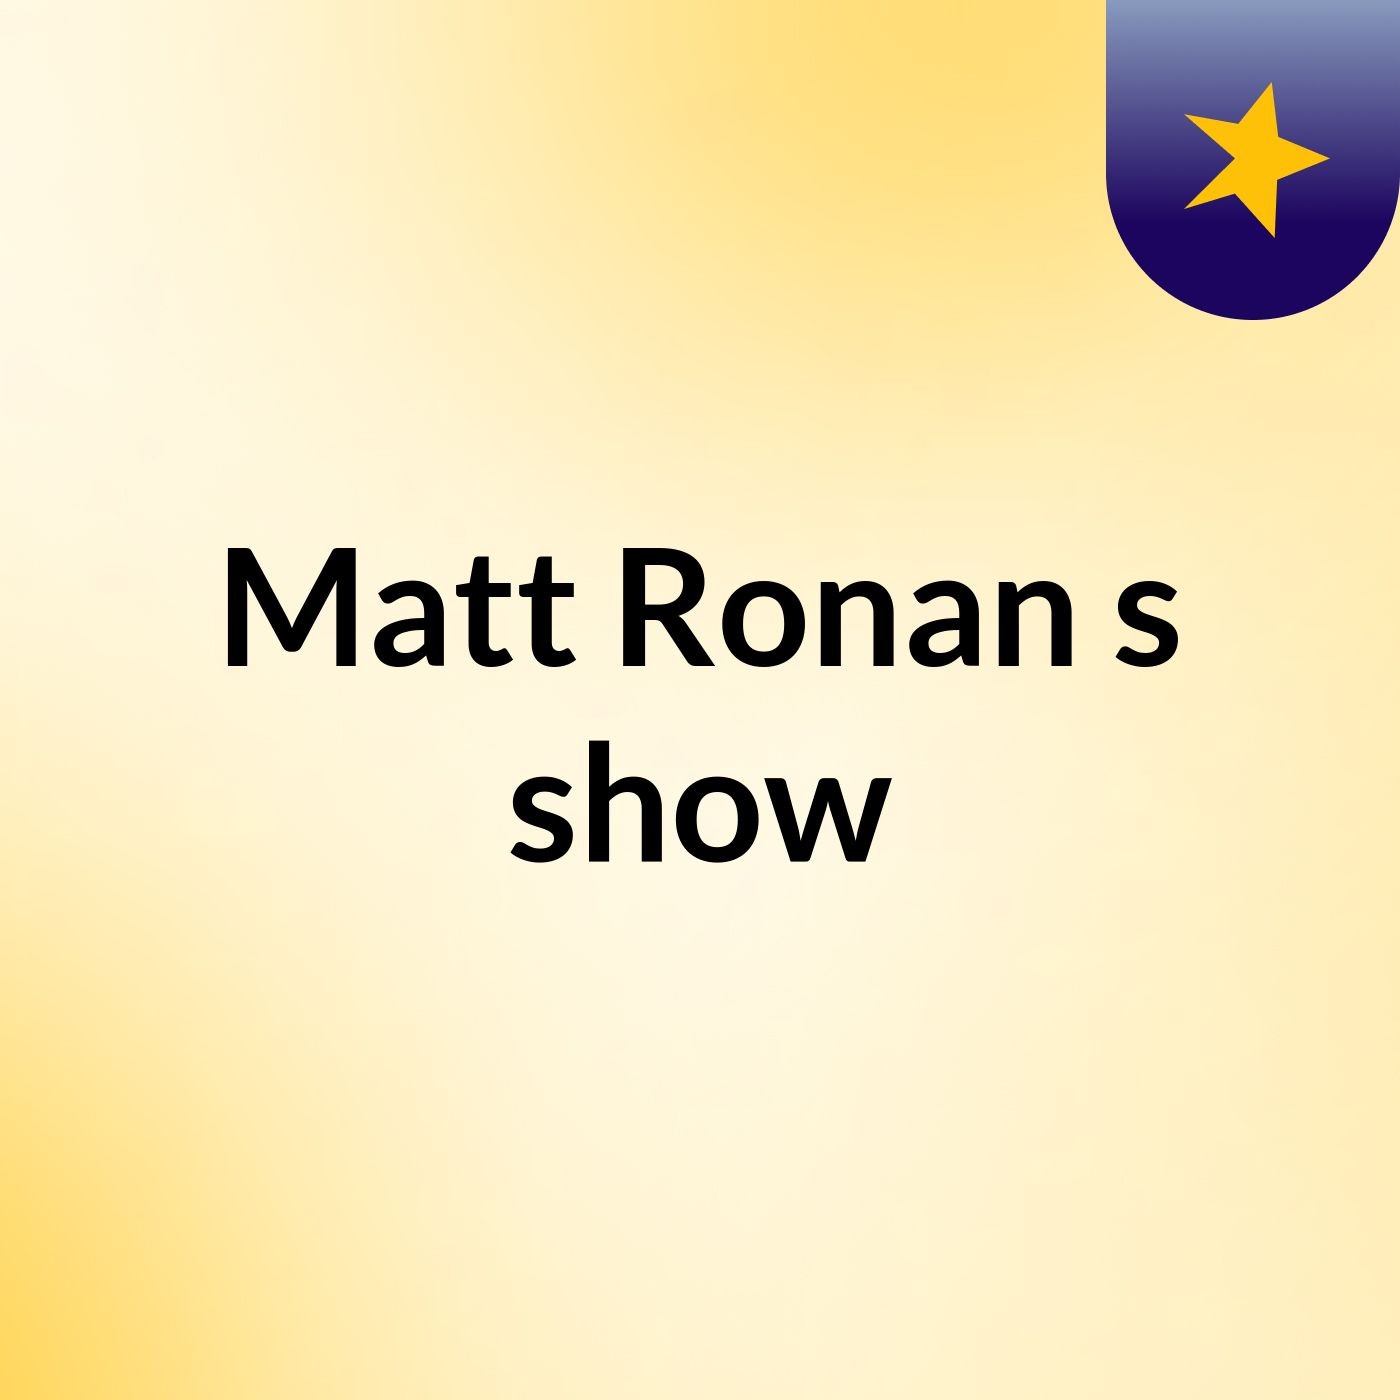 Matt Ronan's show
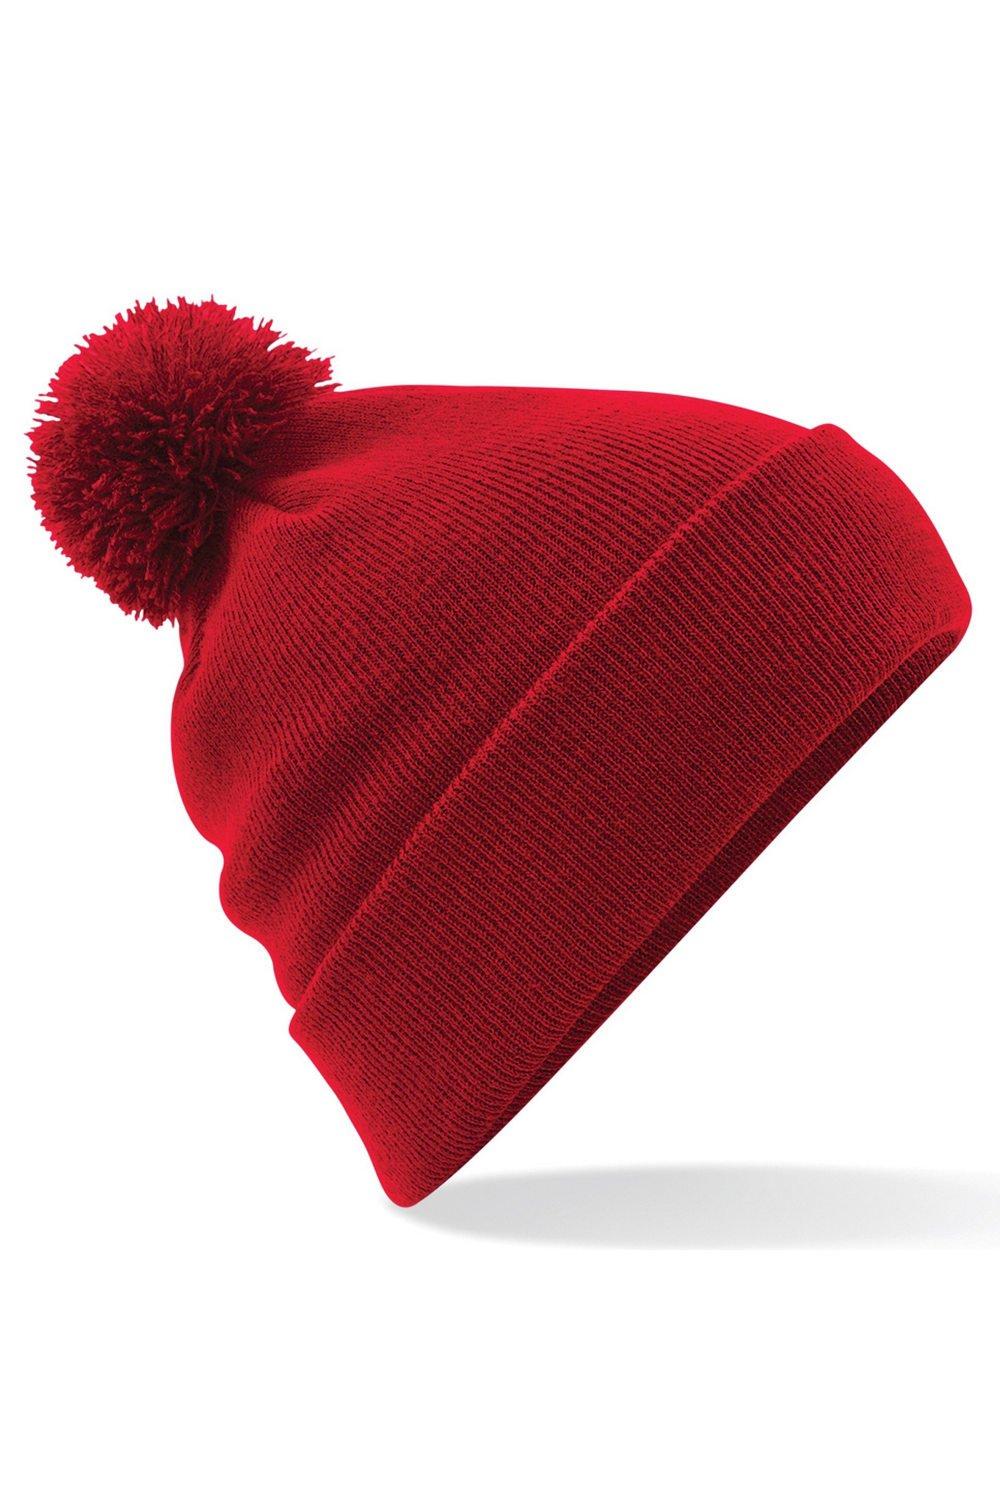 Оригинальная зимняя шапка-бини с помпоном Beechfield, красный оригинальная зимняя шапка бини с манжетами beechfield красный
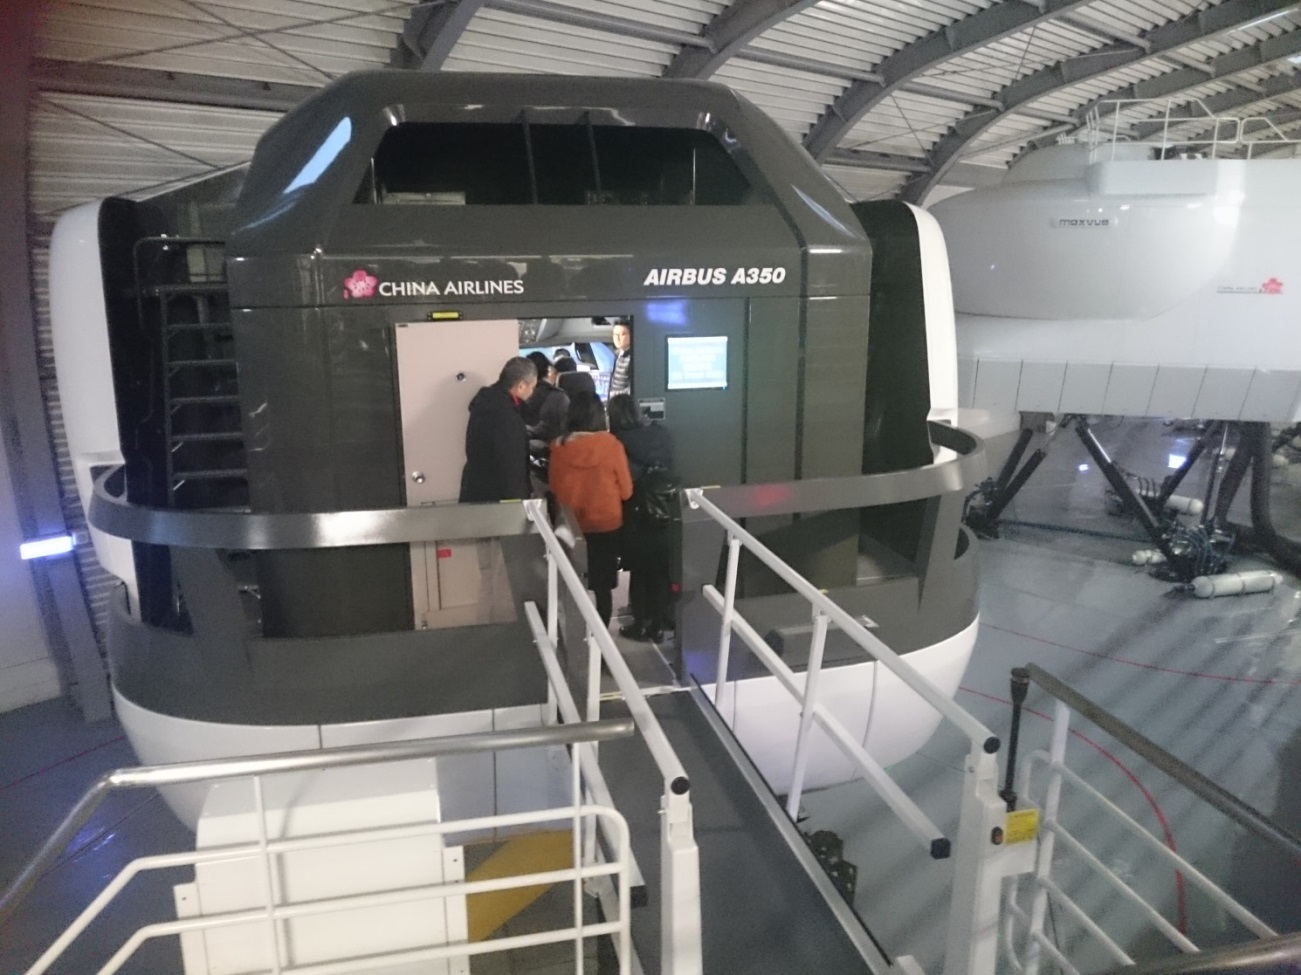 參訪中華航空公司桃園華航園區航務處空中巴士A350動態模擬機。
■ ■ ■
To do:
Once the pictures are set aside, restate the remaining data above exactly.

Response for this exercise:
 Matt Ronan's show
 Оригинальная зимняя шапка-бини с помпоном Beechfield, красный оригинальная зимняя шапка бини с манжетами beechfield красный
 參訪中華航空公司桃園華航園區航務處空中巴士A350動態模擬機。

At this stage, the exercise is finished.